A couple in Arizona have pleaded guilty to submitting more than $1.2 billion in false claims to Medicare and other health insurance programs for medically unnecessary wound grafts for elderly and terminally ill patients.
According to a Jan. 31 news release by the Department of Justice, Alexandra Gehrke and Jeffrey King, alongside co-conspirators, coordinated the scheme through two companies that Ms. Gehrke operated — Apex Medical and Viking Medical Consultants. The companies contracted medically untrained "sales representatives" to identify elderly patients, including hospice patients, who had wounds at any stage and ordered amniotic wound grafts from a specific distributor.
Sales representatives were then instructed by Ms. Gehrke to order grafts over a specific size, even if the wound was smaller, to earn the higher health insurance reimbursement. She collected more than $279 million in illegal kickbacks through the distributor of the grafts in exchange for the orders. Ms. Gehrke paid the representatives tens of millions in unlawful kickbacks.

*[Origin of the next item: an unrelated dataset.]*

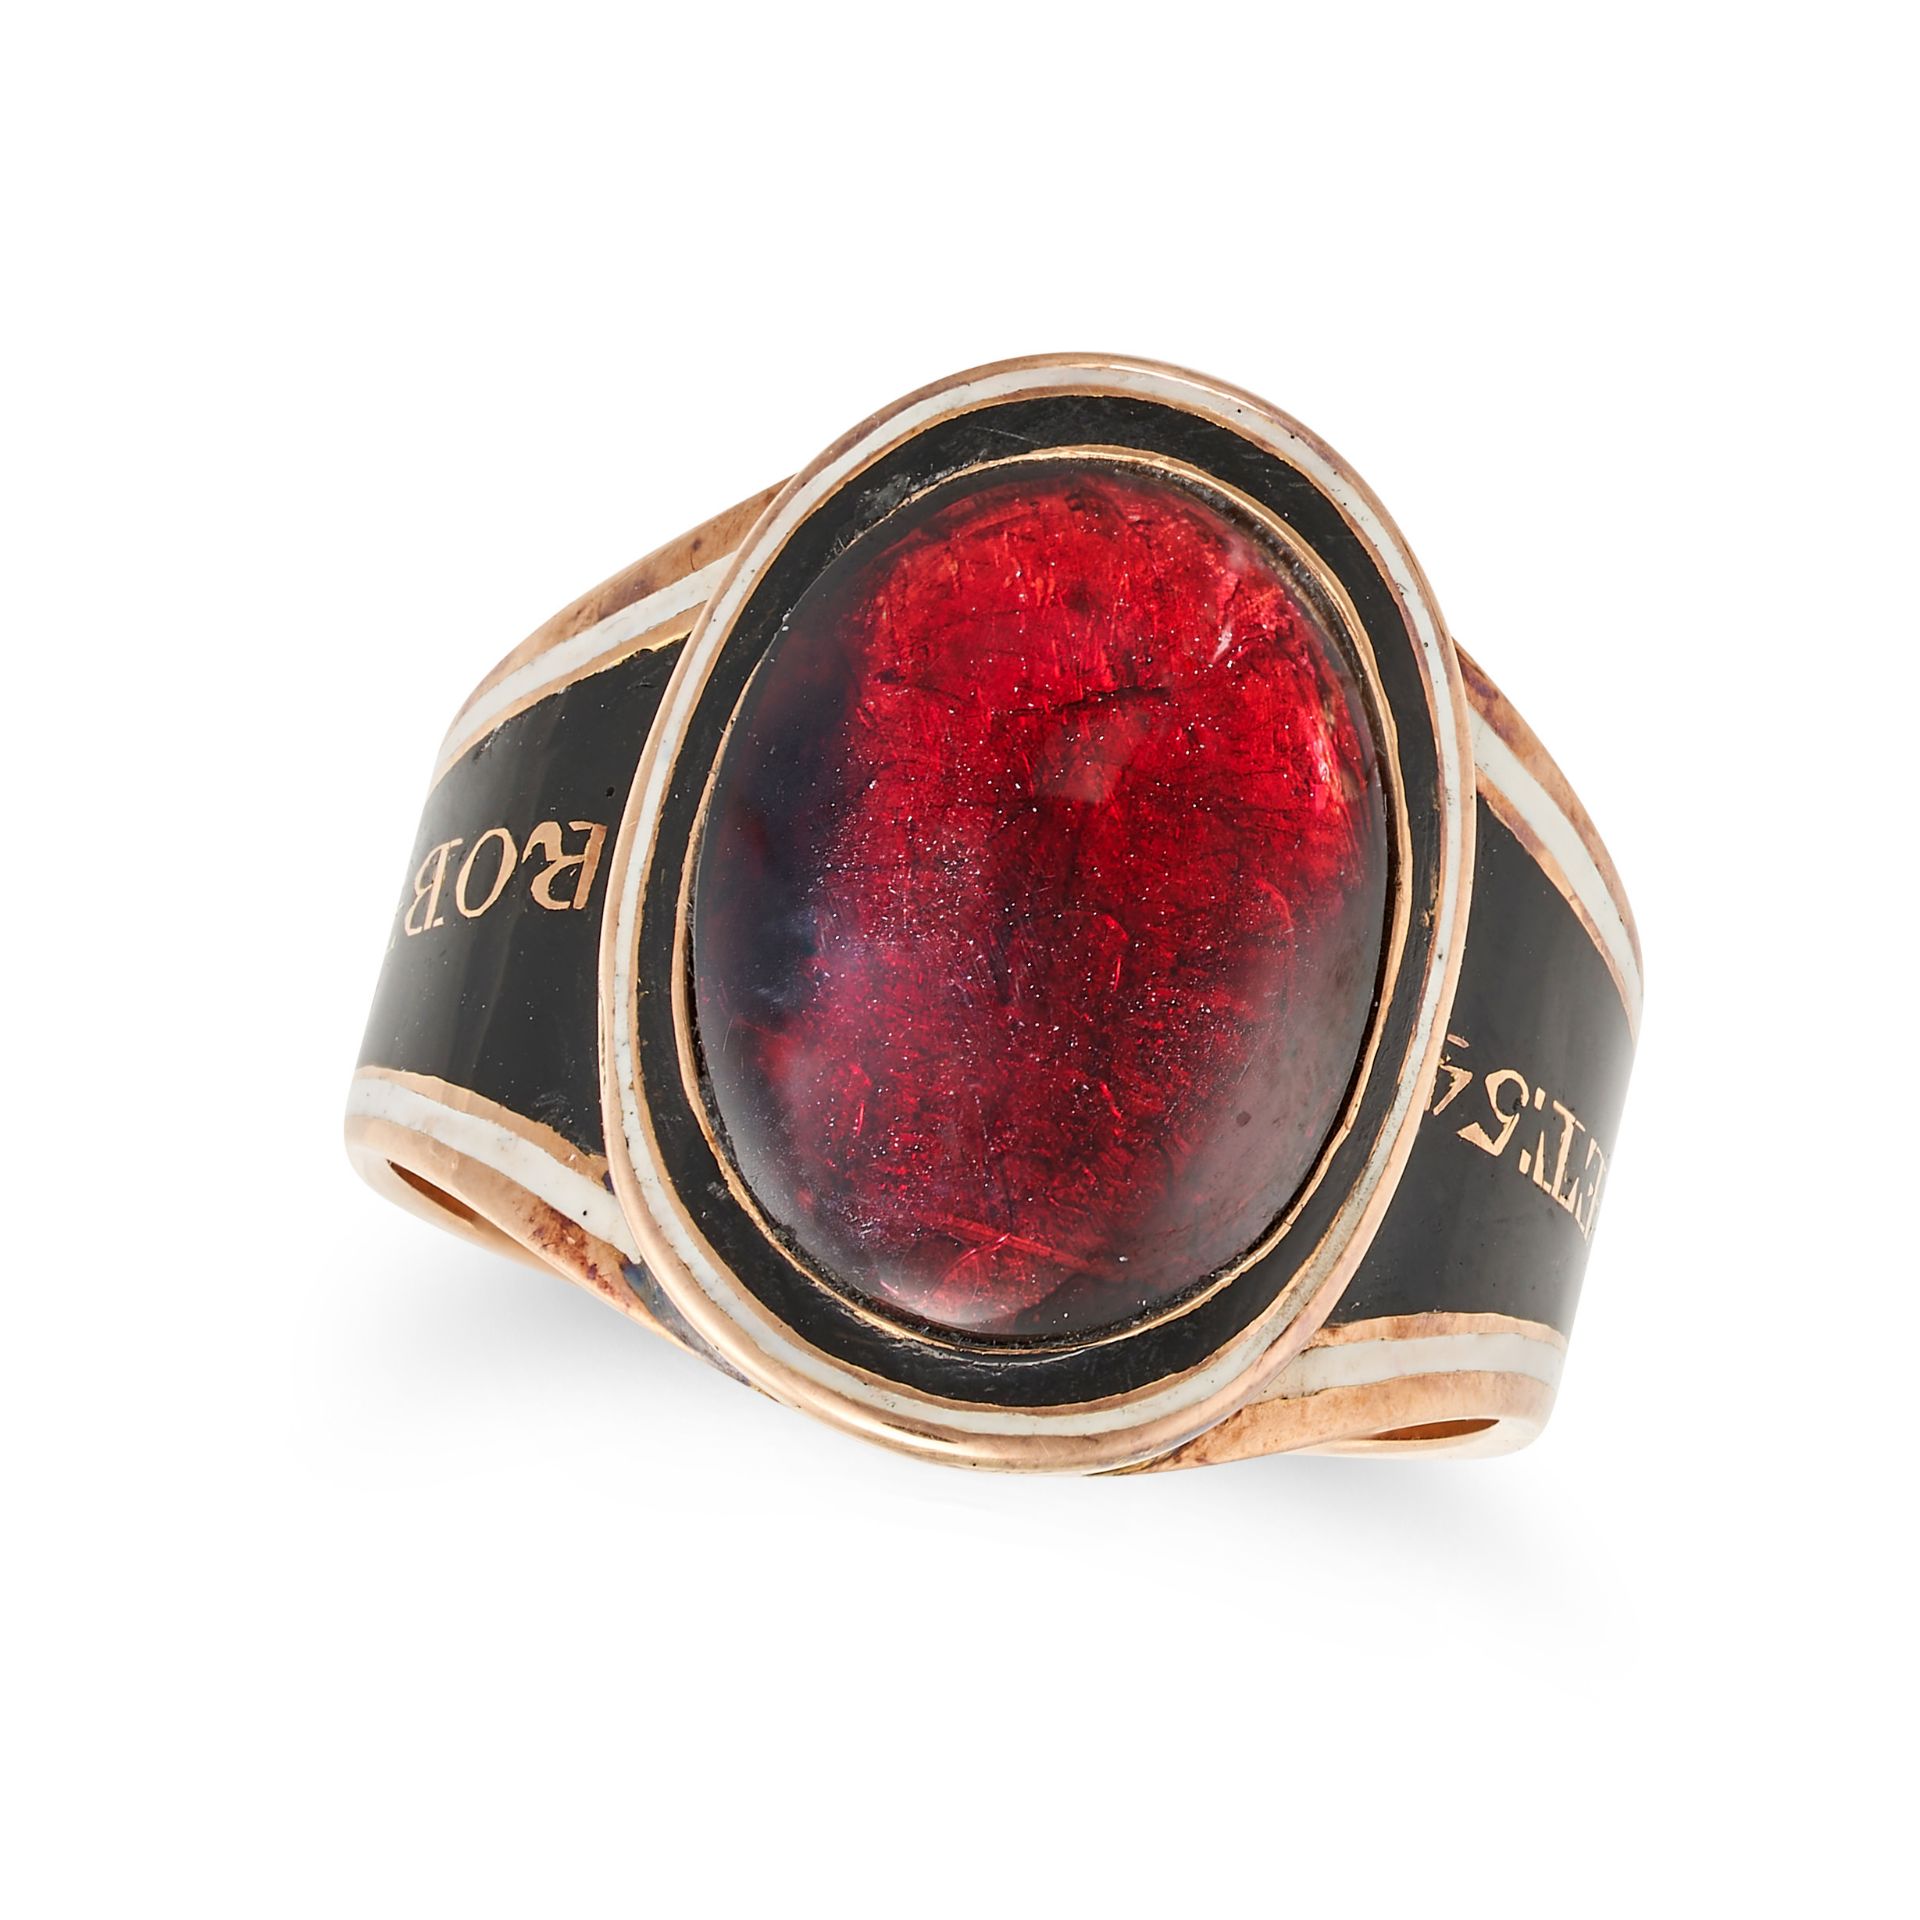 AN ANTIQUE GEORGIAN GARNET AND ENAMEL MOURNING RING in yellow gold, set with a cabochon garnet in...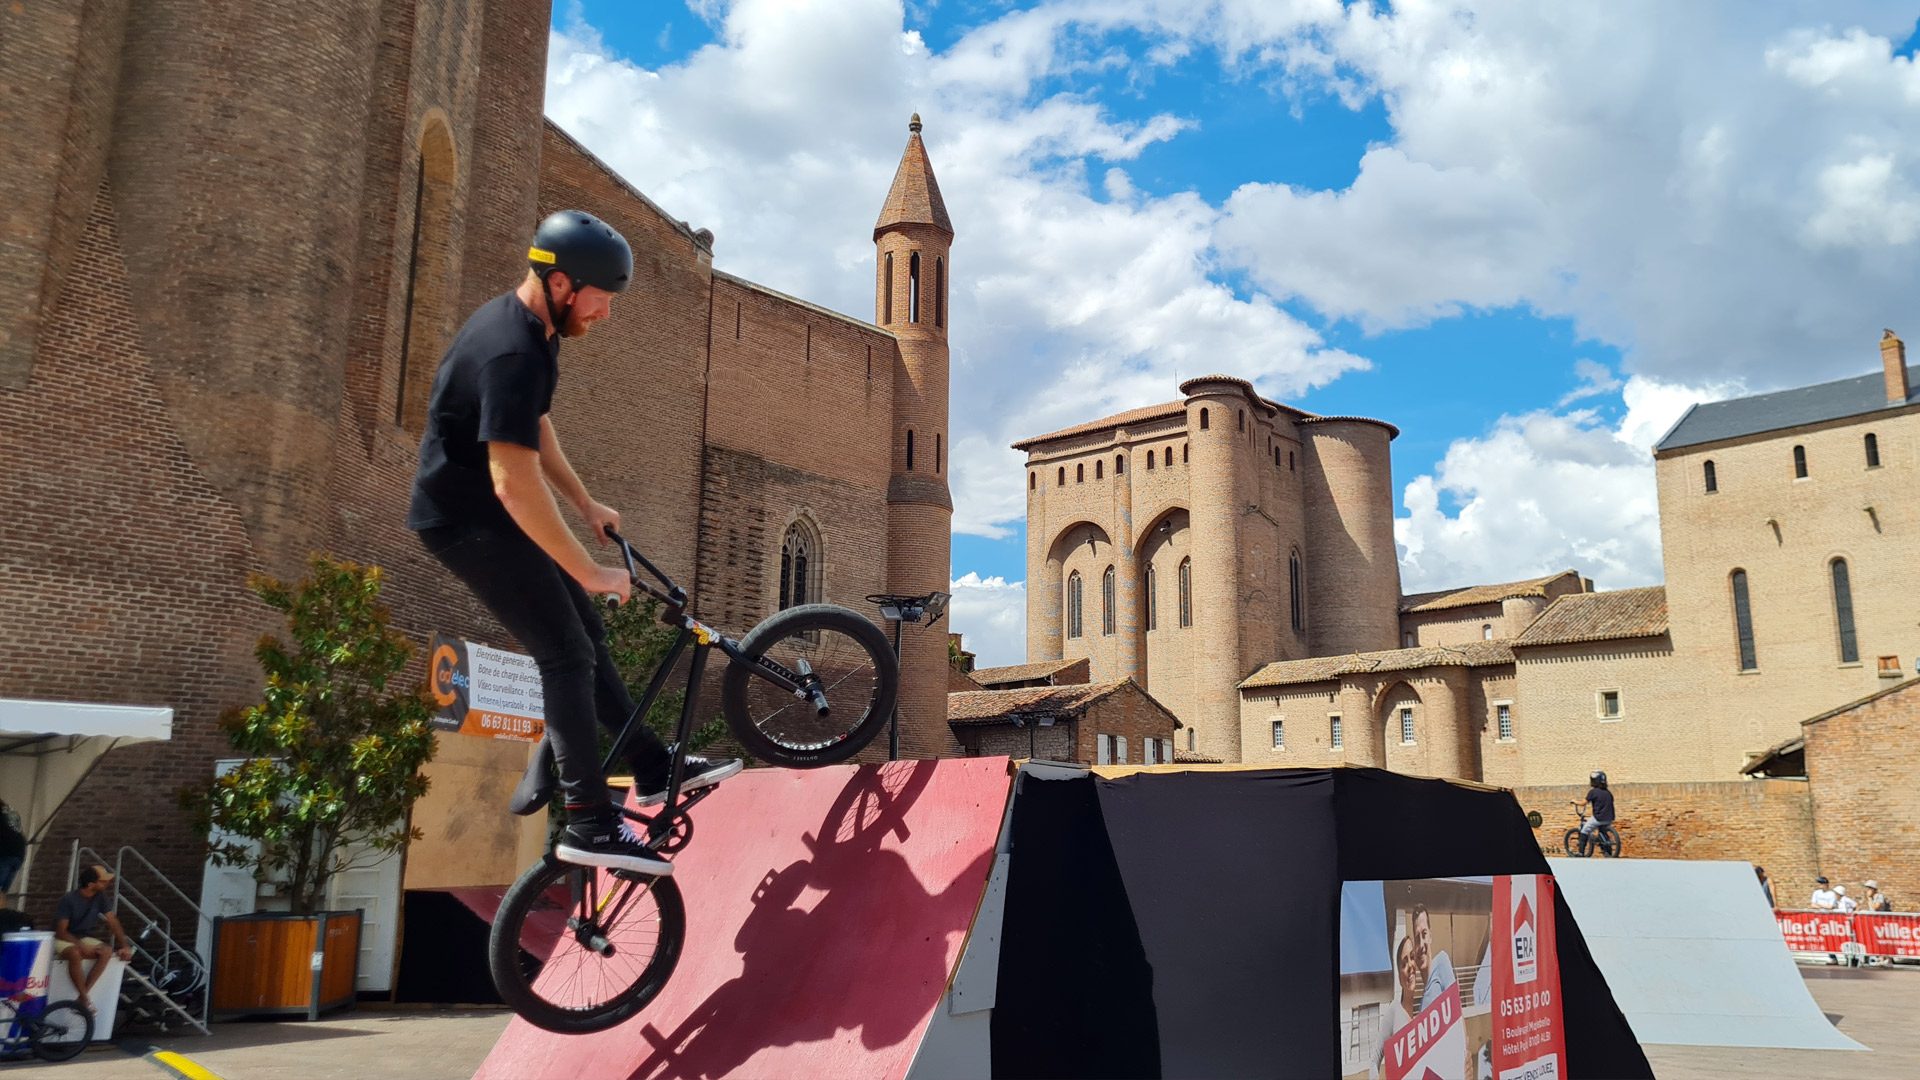 Albi a city on the move - Urban festival (end of August)

Ms. Gehrke then referred patients to the company co-owned by Mr. King, which contracted nurse practitioners to apply the grafts. Mr. King fraudulently billed Medicare and other state and private healthcare programs for the grafts. The couple instructed nurse practitioners to "suspend" their own medical judgment and apply all grafts ordered by the sales representatives, even when medically unreasonable or unnecessary. This resulted in grafts being applied to infected wounds, wounds that had already healed or wounds that were responsive to the grafts.
The couple took in more than $1.2 billion through this scheme between November 2022 and May 2024.